Most of the news coverage of the speech focused on the moment when she was booed. That came when she was discussing the Iraq war. She promised that she would end the war in Iraq if elected president. "The best way to support our troops is to bring them home," she said. Then Clinton added, "The American military has succeeded; it is the Iraqi government that has failed." That's when the hooting came. A slice of the audience was offended by her blame-the-victim stance. Rather than concede that she had been wrong to vote for the war and then to support it, she was suggesting the real problem was those darn Iraqis who cannot get their act together in the aftermath of a poorly-planned U.S. invasion and occupation. But Clinton was not put off by the jeers. "I love coming here every year," she quipped. "I see the signs [that say] 'Lead us out of Iraq.' That's what I'm trying to do." The booing subsided, and the many HRC fans in the audience cheered her on.

That moment was the money shot of the day. But as--if not more--interesting was Clinton's depiction of herself as the anti-corporate savior of working Americans. "Their needs and their lives....are not invisible to me," she proclaimed. While Obama had tugged at the hearts of the Take Back America crowd and Edwards had pitched a cerebral case (see my posting from yesterday), Clinton had grabbed the audience members by the....you-know-what.

This sales pitch would ring truer were the Clinton campaign not fueled and staffed by corporate-geared lobbyists and consultants. My Nation colleague Ari Berman recently detailed Clinton's corporate connections in an extensive piece. He wrote:

Her chief strategist, Mark Penn, not only polls for America's biggest companies but also runs one of the world's premier PR agencies. A bevy of current and former Hillary advisers, including her communications guru, Howard Wolfson, are linked to a prominent lobbying and PR firm--the Glover Park Group--that has cozied up to the pharmaceutical industry and Rupert Murdoch. Her fundraiser in chief, Terry McAuliffe, has the priciest Rolodex in Washington, luring high-rolling contributors to Clinton's campaign. Her husband, since leaving the presidency, has made millions giving speeches and counsel to investment banks like Goldman Sachs and Citigroup. They house, in addition to other Wall Street firms, the Clintons' closest economic advisers, such as Bob Rubin and Roger Altman, whose DC brain trust, the Hamilton Project, is Clinton's economic team in waiting.
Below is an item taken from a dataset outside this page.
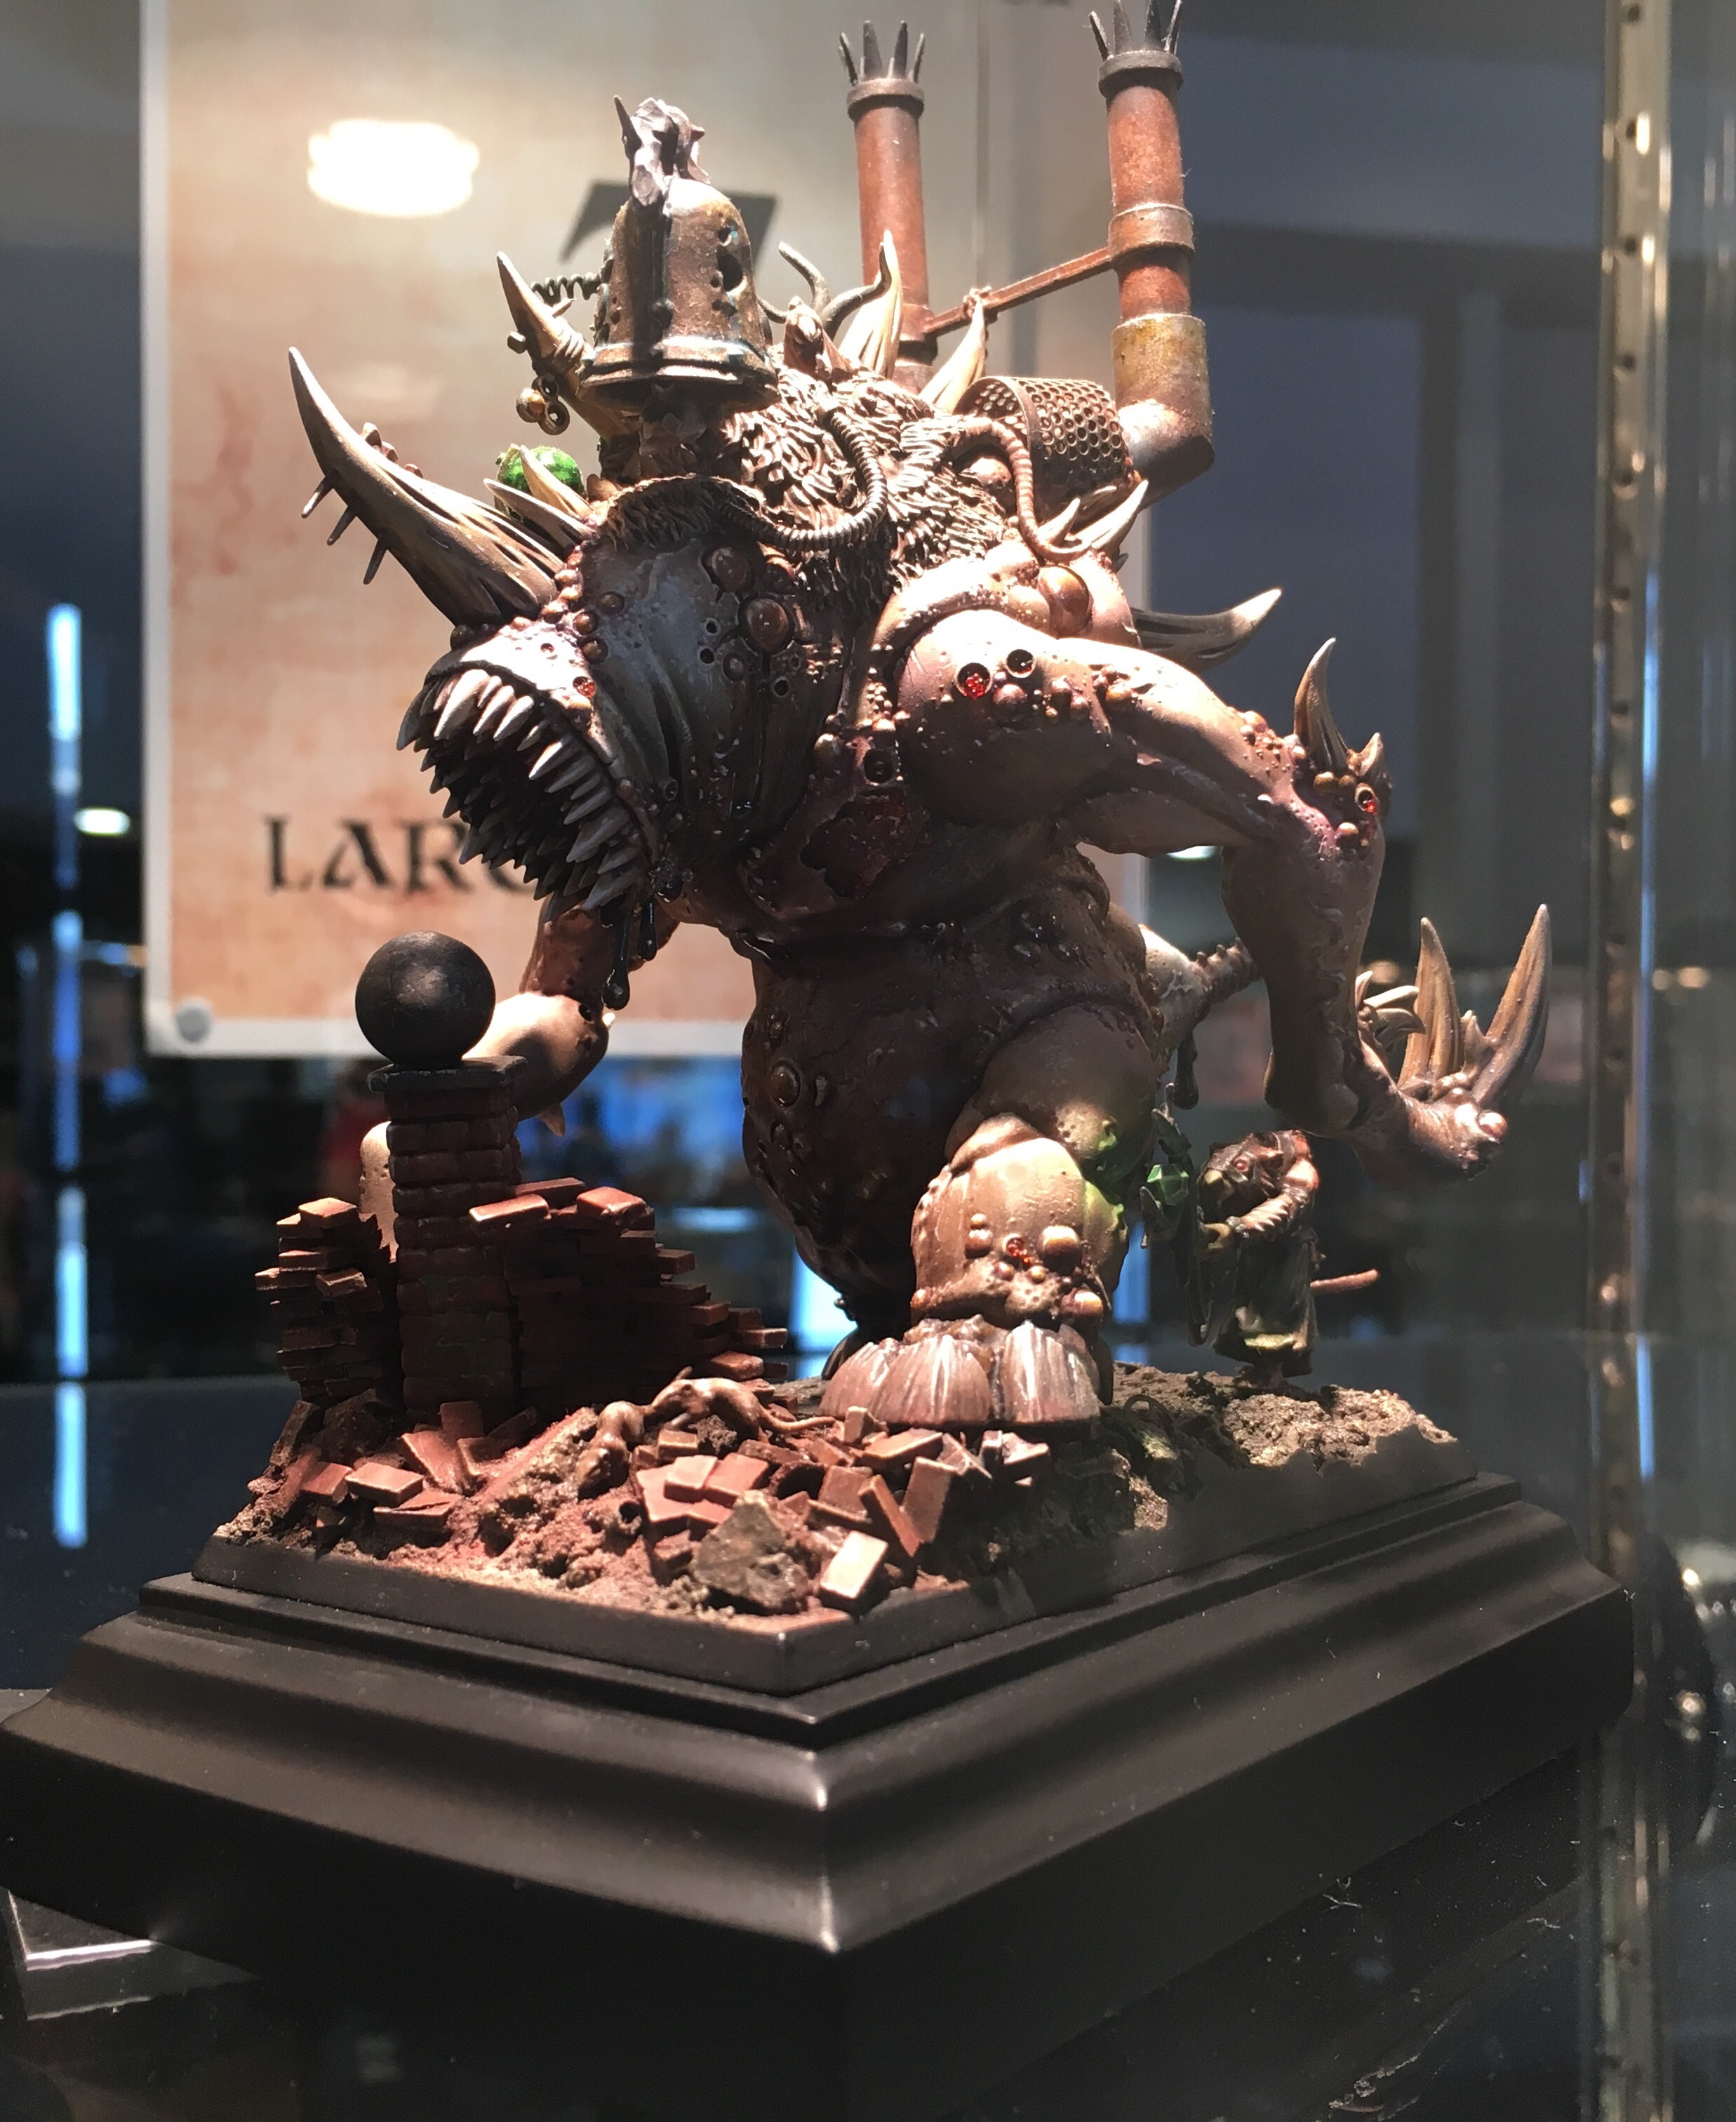 Golden Demon 2017 a Warhammer Large Monster

Even the liberal in her camp, former deputy chief of staff Harold Ickes, has lobbied for the telecom and healthcare industries, including a for-profit nursing home association indicted in Texas for improperly funneling money to disgraced former House majority leader Tom DeLay. "She's got a deeper bench of big money and corporate supporters than her competitors," says Eli Attie, a former speechwriter to Vice President Al Gore. Not only is Hillary more reliant on large donations and corporate money than her Democratic rivals, but advisers in her inner circle are closely affiliated with unionbusters, GOP operatives, conservative media and other Democratic Party antagonists.

I commend the entire article. After reading it, you might want to exclaim, "Populist Hillary, heal thyself."

WHAT MAKES Ds and Rs DIFFERENT? An interesting moment came during House Speaker Nancy Pelosi's address to the Take Back America gang. It was a standard-fare address. She cited her accomplishments as speaker and called on the activists to pressure the Bush administration and Republicans to end the war. Decrying the "tragedy" of Iraq, she noted the loss of 3500 American soldiers there, and the crowd respectfully applauded. And don't forget, she added, the hundreds of thousands of Iraqi civilians who have been killed during the war: "They're all God's children." The audience responded with a standing ovation. Could you see a conservative crowd applauding such a recognition of the full tragedy of Iraq? That's a rhetorical question.